Return of the Living Dead Part II's biggest problem, though, is that it plays it safe, often recycling plot points and moments from the first. The change of location from a small portion of town to an entire city offers potential, and one can see how its idea of zombies on the loose in the suburbs influenced the SNES game Zombies Ate My Neighbors. Unfortunately, it doesn't take enough chances with its creative potential, especially considering that the place is a ghost town since the entire population was evacuated off-screen. The only major new addition is that the undead now have a clear weakness, electricity, which does lead to a thrilling climax as the surviving heroes round-up the zombies, lure them into an electric power-plant, and fry them all. It's just a shame you must wade through eighty-five minutes of mediocrity and hit-and-miss humor just to reach it.

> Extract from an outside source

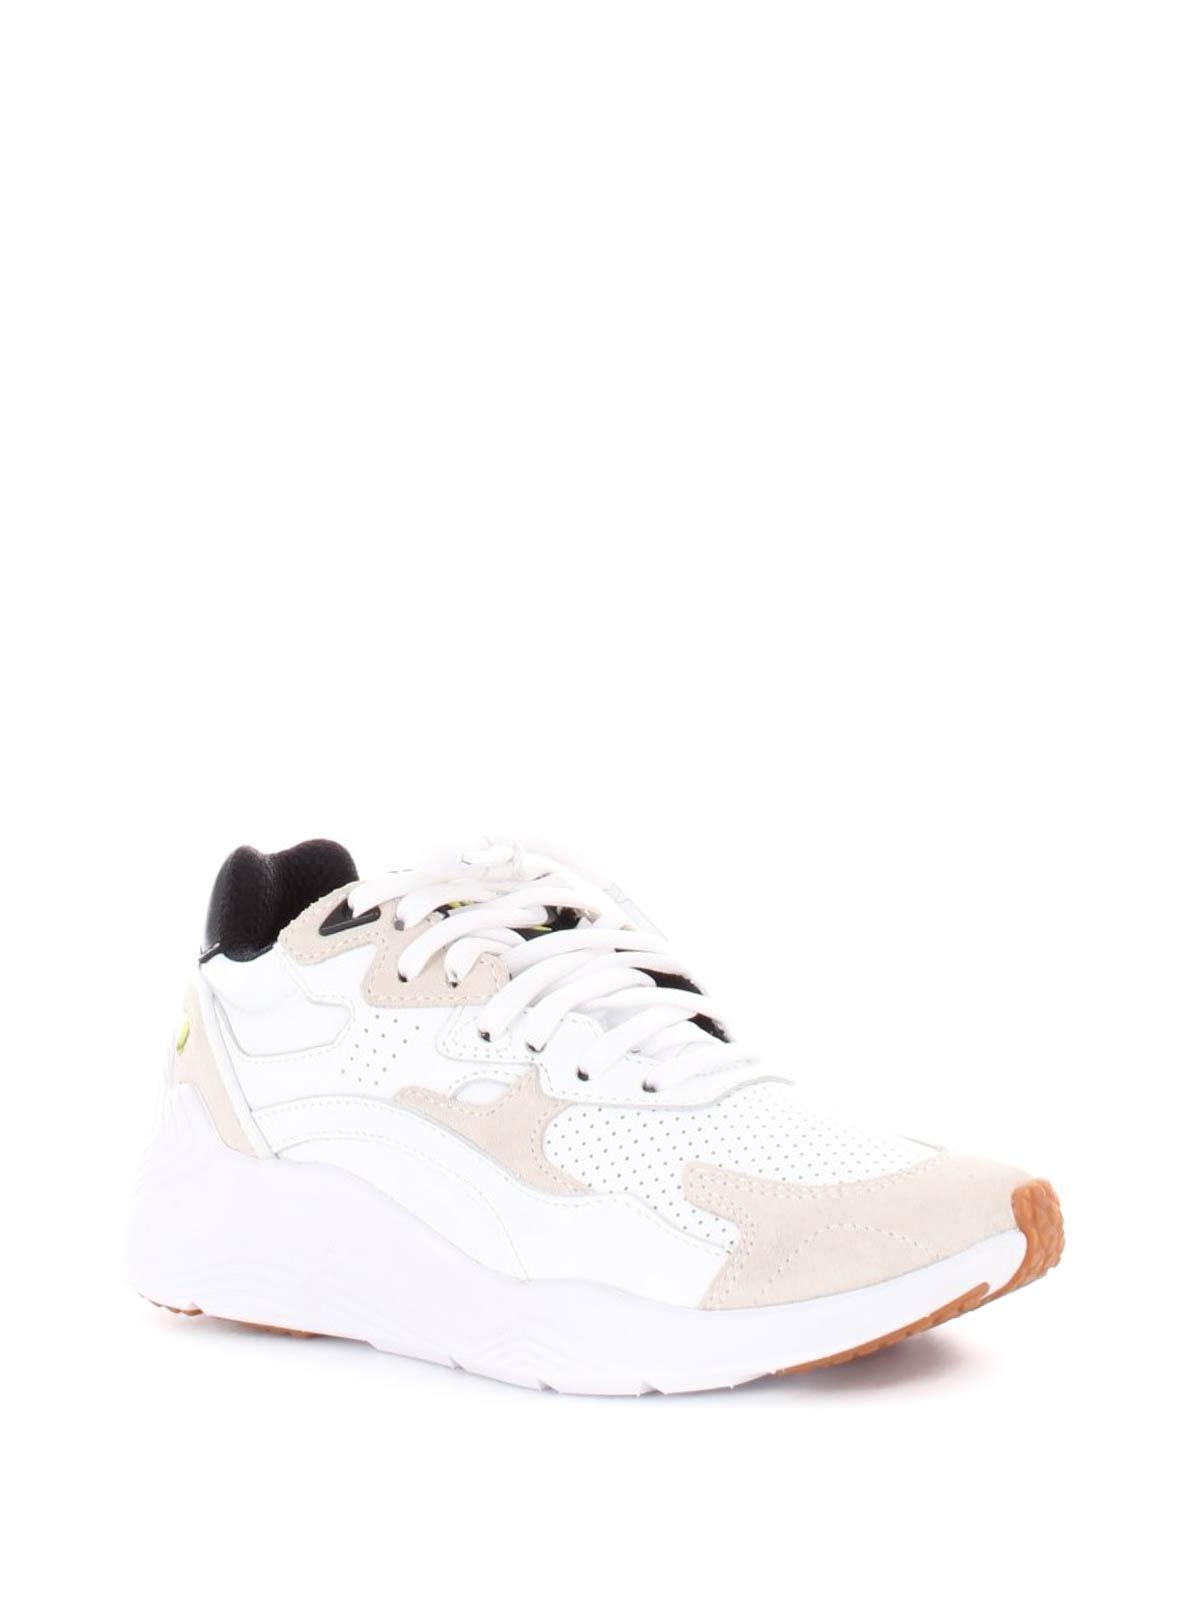 Mcq - Daku sneakers - trainers
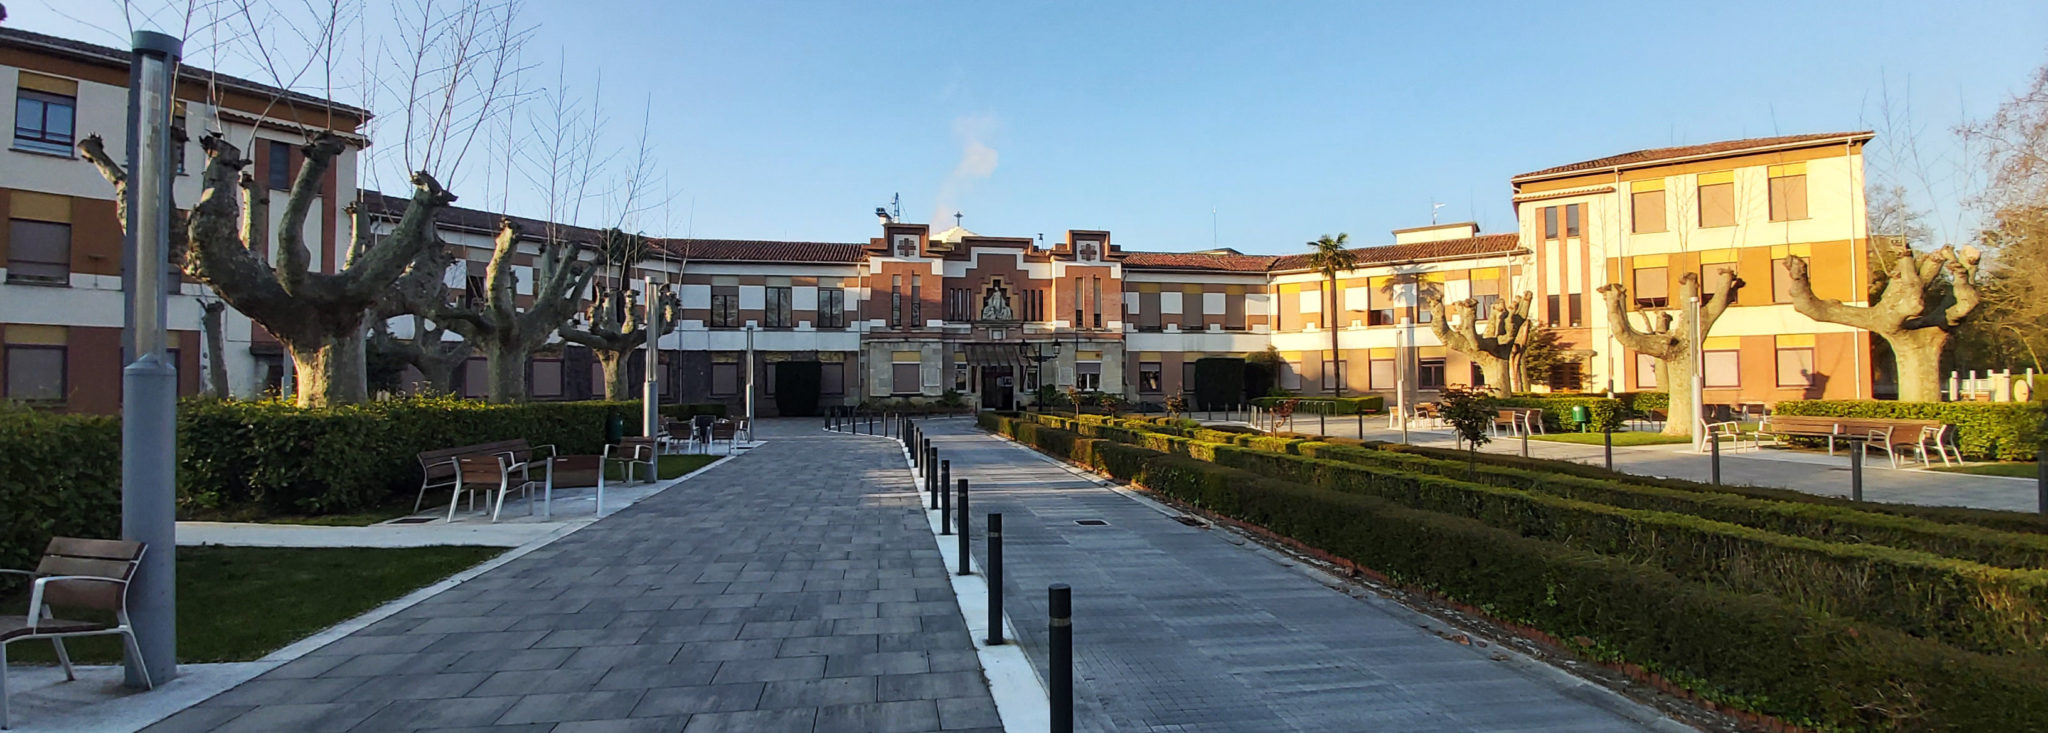 Fachada Casa de Misericordia Pamplona

Effects-wise, the movie boasts well-done zombie make-up and features some inventive effects, such as a severed hand that runs amok in Dr. Mandel's car. Although the designs of the undead look more cartoony and the recreation of the barrel zombie is rubbery and not as grotesque, they get the job done. The music is an interesting scenario; when the film was released on DVD and digital media, the original soundtrack and certain licensed tracks were removed and replaced with compositions that sound like a synthesizer farting. The original score, which can only be heard via a VHS copy, is fine, if a little too dramatic, and the licensed songs are enjoyable, including "Spacehopper," "Bad Case of Loving You," and an incredibly cheesy cover of "Monster Mash," but it lacks the memorability of the original film's score, a notion which applies to everything else regarding this sequel.
Return of the Living Dead Part II is an uninspired retread of the first movie that has its moments, but leaves a lot to be desired. The film is at its best when it revels in its over-the-top, comedic nature of events, such as zombies driving a commandeered jeep or a Michael Jackson-look-alike zombie getting electrocuted with the others, but it's afraid to commit to that tone. Instead, the movie offers serviceable, but extremely by-the-numbers undead entertainment.